The railroad’s entry into Chicago from the east, however, was just the tip of the iceberg of the battle being fought between a number of competing railroad companies at this moment, for by the start of 1850, an economic and real estate boom in Chicago had been unleashed by the anticipation of the arrival of the railroads from the East. The interest in building a railroad to the Pacific had increased exponentially only the year before with the discovery of Gold in California, but the real prize being fought over during the second half of 1850 was which group of investors would gain control of the largesse of 2.5 million acres of Illinois prairie (that consisted of a 200′ wide right-of-way and the even-numbered sections within six miles of both sides of the right-of-way) recently earmarked by the Federal government to finance the construction of the Illinois Central Railroad, for Sen. Stephen Douglas, Rep. John Wentworth, and Justin Butterfield, Commissioner of the Federal Land Office, had finally succeeded in getting the Federal government to approve the project on September 20, 1850, culminating a seven-year campaign in Washington by some of Illinois’ ablest legislators.

Sidney Breese, who together with Darius Holbrook were the original company’s two major investors and had been some of the earliest supporters of the IC since 1836, had been elected to the U.S. Senate in November 1842, where he was named as the Chairman of the Senate Committee on Public Lands, the ideal position to eventually promote the Central Railroad proposal. One of his first acts was to sponsor a bill in 1844 to study the feasibility of building a Federal Naval Depot on the Mississippi River at Cairo, IL, at the mouth of the Ohio River, that if constructed, could help justify the construction of the Central Railroad in the future with the aid of a Federal land grant so that it would link the new depot with Lake Michigan. By this date, Stephen Douglas had joined John Wentworth in the House of Representatives, who could offer their combined support to the campaign as well. The following year, Douglas had published his open letter to Asa Whitney, outlining his plan to construct a transcontinental railroad from Chicago. In 1846, Breese, as Chairman of the Senate Committee on Public Lands, had published the first Congressional study of just such a railroad. Douglas then joined Breese in the Senate following his election in November 1846, and once in the Senate, Douglas made the Central Railroad his top priority. He had, however, become suspicious of Breese and Holbrook’s motives with the project, believing that their land speculation in Cairo was more important than the successful completion of the railroad, and, therefore, had proposed a bill that differed from the bill that Breese was sponsoring in two important ways.

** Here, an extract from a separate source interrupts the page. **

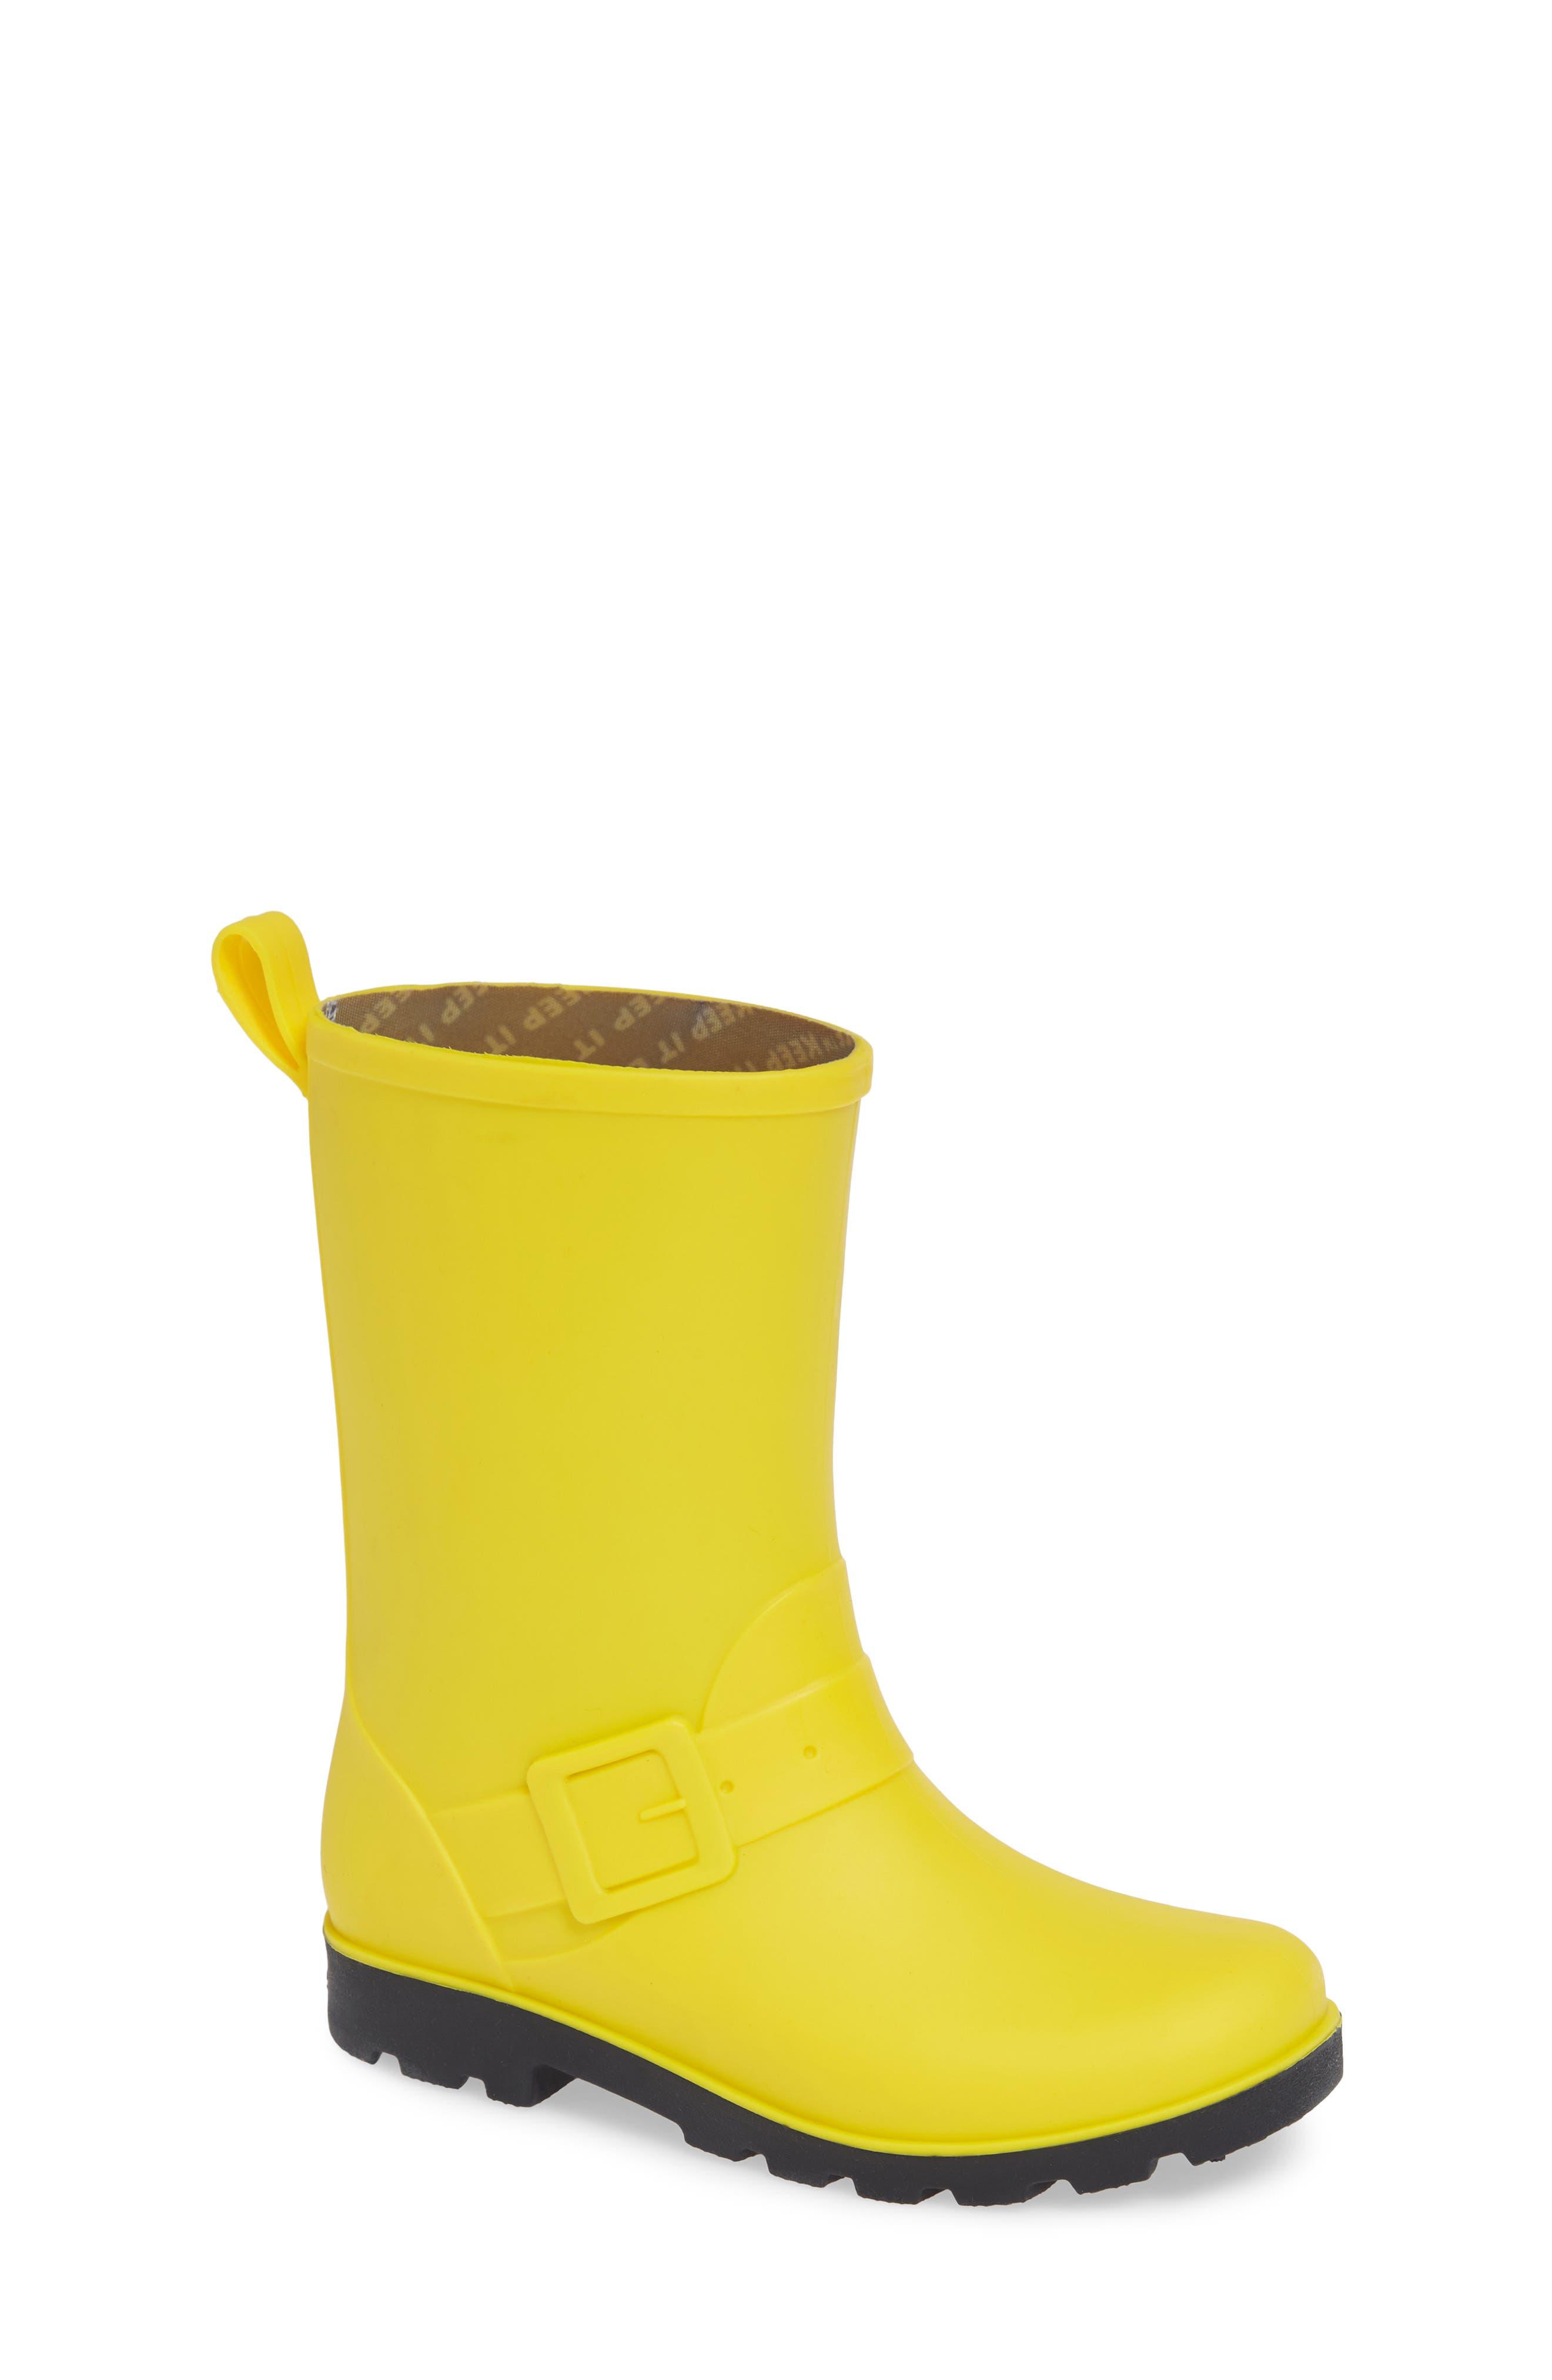 Native Barnett Rain Boot,                             Main thumbnail 1, color,                             CRAYON YELLOW/ JIFFY BLACK

Douglas appreciated, more than most, the geopolitical advantage that Chicago would gain if it, rather than St. Louis became the intersection of an east-west transcontinental railroad with the Great Lakes and the north-south running IC linking Lake Michigan to the Gulf of Mexico, via the Mississippi River albeit downriver from St. Louis. In order to gain support for the Central Railroad from both Northeast Illinois, as well as from the northern states that surrounded the Great Lakes, Douglas added an amendment into his bill that allowed the company to build a branch line from Centralia into Chicago (that was not part of the company’s original charter that called for the line to connect with the canal at its western terminus, La Salle, before angling northwest to the Mississippi River at the Illinois/Wisconsin border) that also increased the size of the final landgrant by some 40%.
Douglas’ bill also granted to the State of Illinois the authority to enter into a contract with a private company to build the railroad in exchange for free ownership of the landgrant. Douglas’ bill, therefore, differed from Breese’s bill in that the Breese bill granted the land directly to the company (owned by Holbrook and himself) slated to build the railroad. Being a known real estate investor, as was Breese, Douglas also appreciated the profit potential represented by the proposed Central Railroad and quietly purchased 160 acres of land that bordered Lake Michigan and was centered around 31st and Cottage Grove. Sixteen of these acres were along the lakeshore outside of the city’s southern boundary at 22nd Street, that extended to 35th Street, and Douglas hoped to eventually sell some of the property (some of which was under water, no less) to the new railroad at a tidy profit once he succeeded in having the project approved by Congress.
FURTHER READING:.
Brownson, Howard Gray, History of the Illinois Central Railroad to 1870, Urbana: University of Illinois Press, 1915.
Johannsen, Robert W. Stephen A. Douglas, New York: Oxford, 1973.
Johnson, Arthur and Barry E. Supple. Boston Capitalists and the Western Railroads. Cambridge: Harvard University Press, 1967.
Milton, George Fort. The Eve of Conflict: Stephen A. Douglas and the Needless War. New York: Octagon, 1969.
Pierce, Bessie Louis. A History of Chicago– v.2. New York: Knopf. 1940.
Stover, John F. Iron Road to the West: American Railroads in the 1850s. New York: Columbia University, 1978.
Wille, Lois. Forever Open, Clear, and Free; The Struggle For Chicago’s Lakefront. Chicago: Regnery, 1972.